Помимо философского, этому, как я уже заметил, есть и социальное объяснение: в прагматическом индустриальном обществе, особенно в Америке, интеллектуалы, интеллигенты, не производящие материальных благ, действительно в некотором смысле изгои, пока не приобретут известность и не станут знамениты. Есть тому и психологические причины: от природы Эшбери человек весьма сдержанный, даже замкнутый. В разговоре скуп на слова. Он и сам это признает: «Люди 60-х были открыты, люди 70-х погружены в себя», — как-то сказал он мне. Люди 60-х — это Джек Керуак, Ален Гинзберг, Лоуренс Ферлингетти, представители поколения битников. Эшбери родился в 1927 году, но себя к этому поколению не причисляет. Постмодернистом он себя тоже не считает: «Я пишу стихи уже более 50 лет. Начинал как раз во времена модернизма. Всегда старался писать нетрадиционно, но разницу между модернизмом и постмодернизмом не очень понимаю…»
— Французский философ и литературовед Лиотар считает, что если модернисты пытались преодолеть отчаяние, холод одиночества и безверия, а пример Томаса Стернса Элиота, пришедшего от неверия к вере, — лишнее тому подтверждение, то постмодернисты как бы не пытаются ничего утверждать, говорят о том, что человек — одинок, а понимание — невозможно. Это, на мой взгляд, перекликается с некоторыми взглядами, которые высказываете вы, Джон (когда я работал над переводами его стихотворений, мне часто доводилось беседовать с ним).
— Ну, в наше время человек не так уж одинок: есть, к примеру, Интернет, где люди могут общаться круглосуточно, не выходя из дому. Интернет стремительно изменяет образ общения, всего нашего мира.
— А вы часто прибегаете к этому средству?
— Нет, иначе я бы не смог писать. А кроме того, есть значительное число людей, которые разделяют мои взгляды и устремления, — с ними я и общаюсь. Что же до одиночества, то в философском смысле человек всегда был и остается один. Да, человек — одинок.
— Нынешнее опьянение новейшими технологиями и средствами связи сродни тем, которые владели людьми в начале века, когда казалось, что отменяются границы — не только между государствами, но и пространственно-временные границы. А между этим были две мировые войны, Хиросима и Нагасаки, война во Вьетнаме, да и сейчас нет особых поводов для оптимизма.
— Все это так, но и после величайших трагедий в прошлом люди не переставали надеяться, то есть заниматься творчеством. И после Освенцима не замолчали: я говорю не о бездумном оптимизме — о творчестве как о средстве преодоления отчаяния, трагедии, ужаса.
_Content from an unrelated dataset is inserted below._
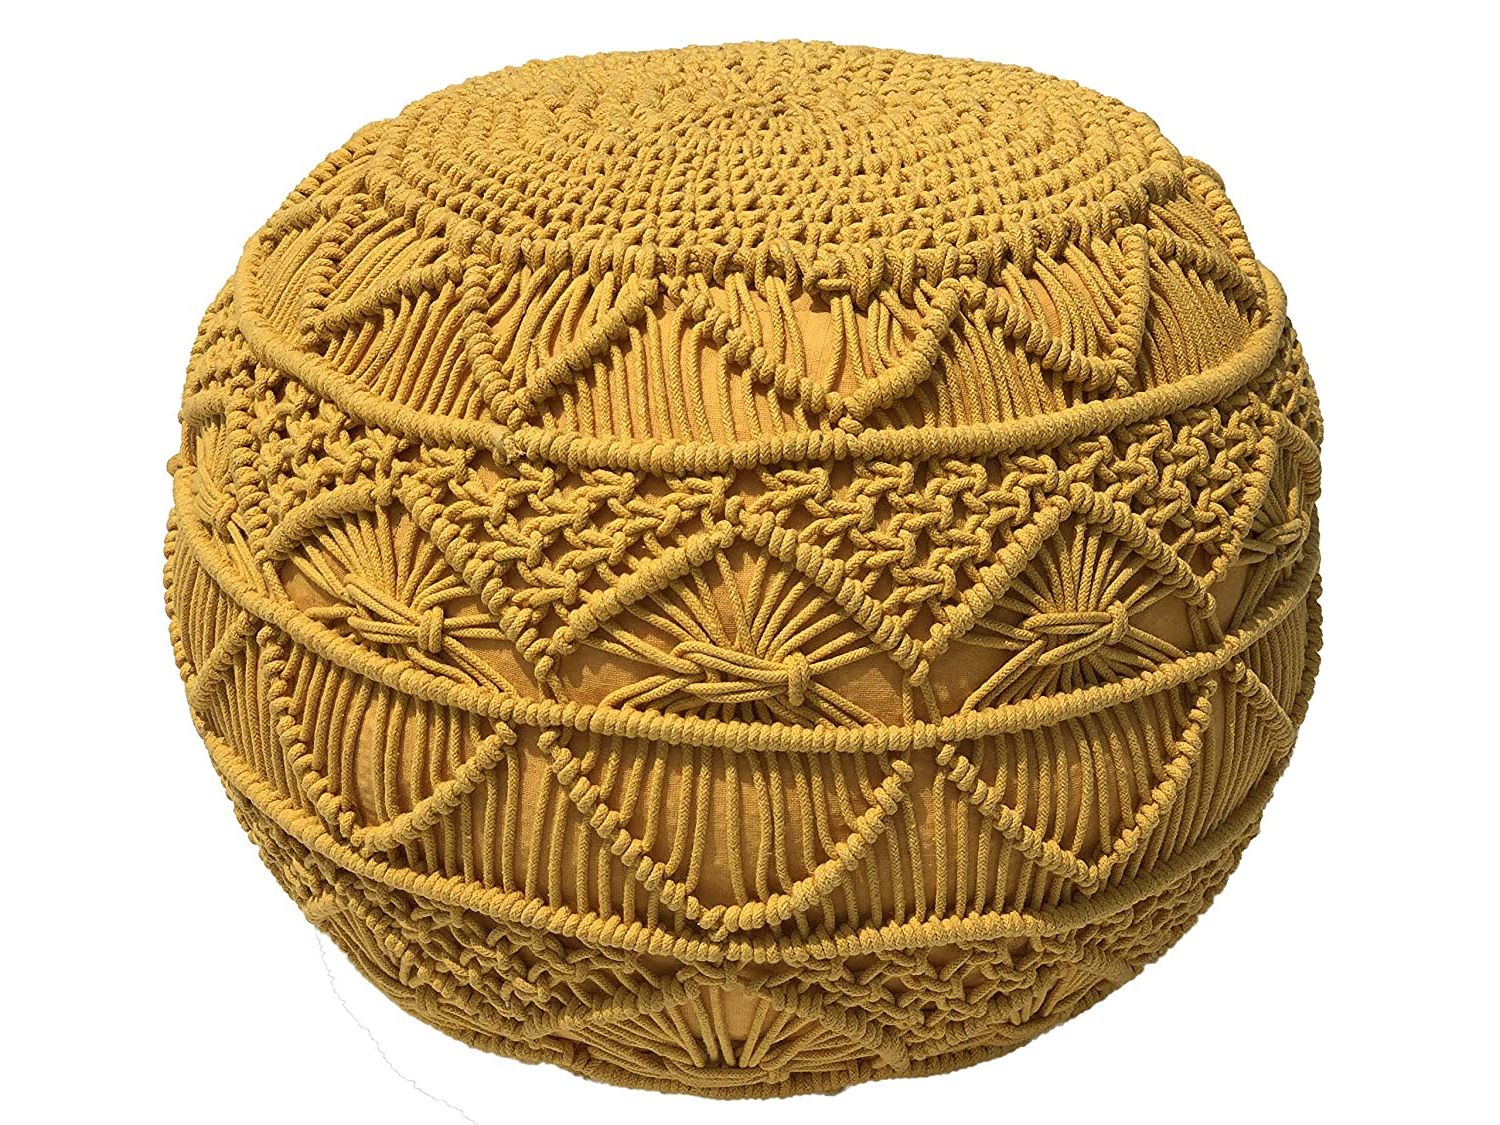 2018 Textured Green Round Pouf Ottomans With Hand Knitted Decorative Round Cotton Pouf Natural Braid Cord Textured (View 10 of 10)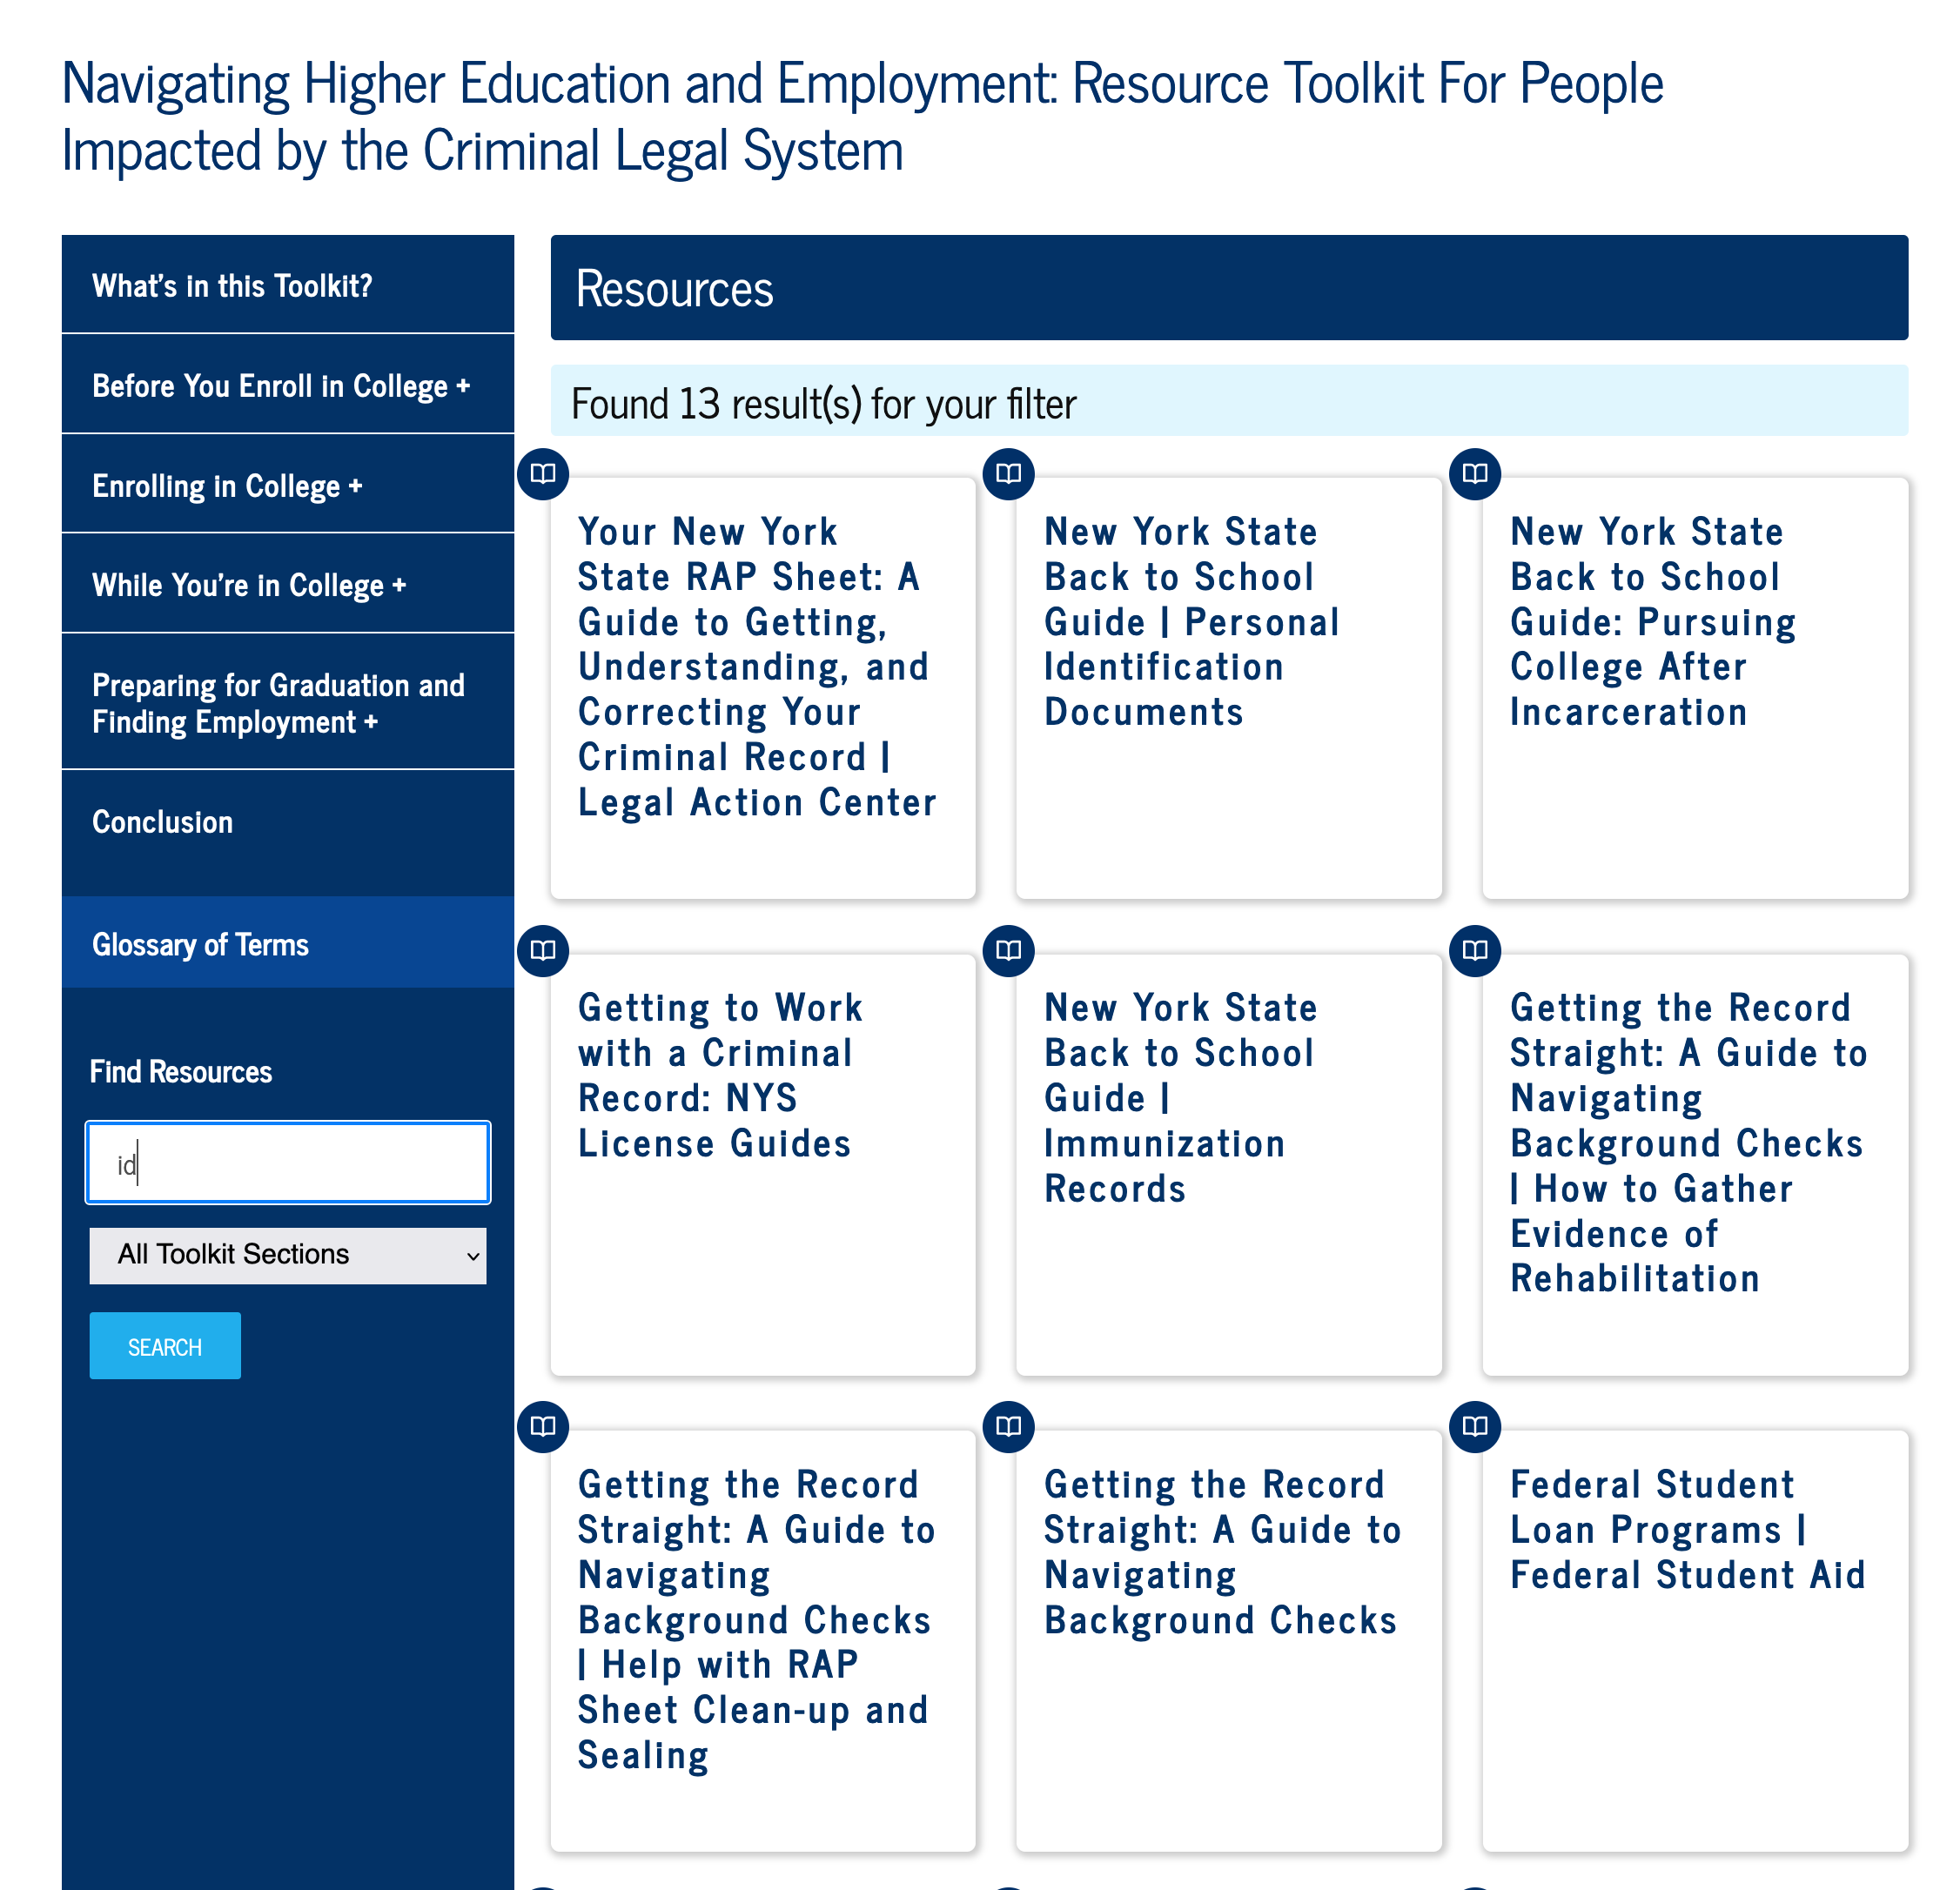 Interactive Toolkit for the Institute of Justice and Opportunity at CUNY John Jay: Justice and Opportunity Institute Toolkit: Resources

— А каковы роль и место поэзии в современном мире?
— Современное общество не очень-то ценит поэзию. Создается даже
впечатление, что она ему не нужна. Нужнее бестселлеры, журналистика. Мне кажется, что я бы мог писать бестселлеры, но мне это неинтересно. Поэзия — гораздо интереснее и — труднее.
— Вы часто обращаетесь к детству в вашей поэзии. В ваших стихах повторяется мысль о том, «что стремление не взрослеть, быть может, и есть ярчайший род зрелости». Честно говоря, это перекликается и с моими мыслями. Я пишу о том, что расставание с детством — это первое изгнание, как бы изгнание из рая, своего рода эмиграция... Но у вас, конечно, все по-иному.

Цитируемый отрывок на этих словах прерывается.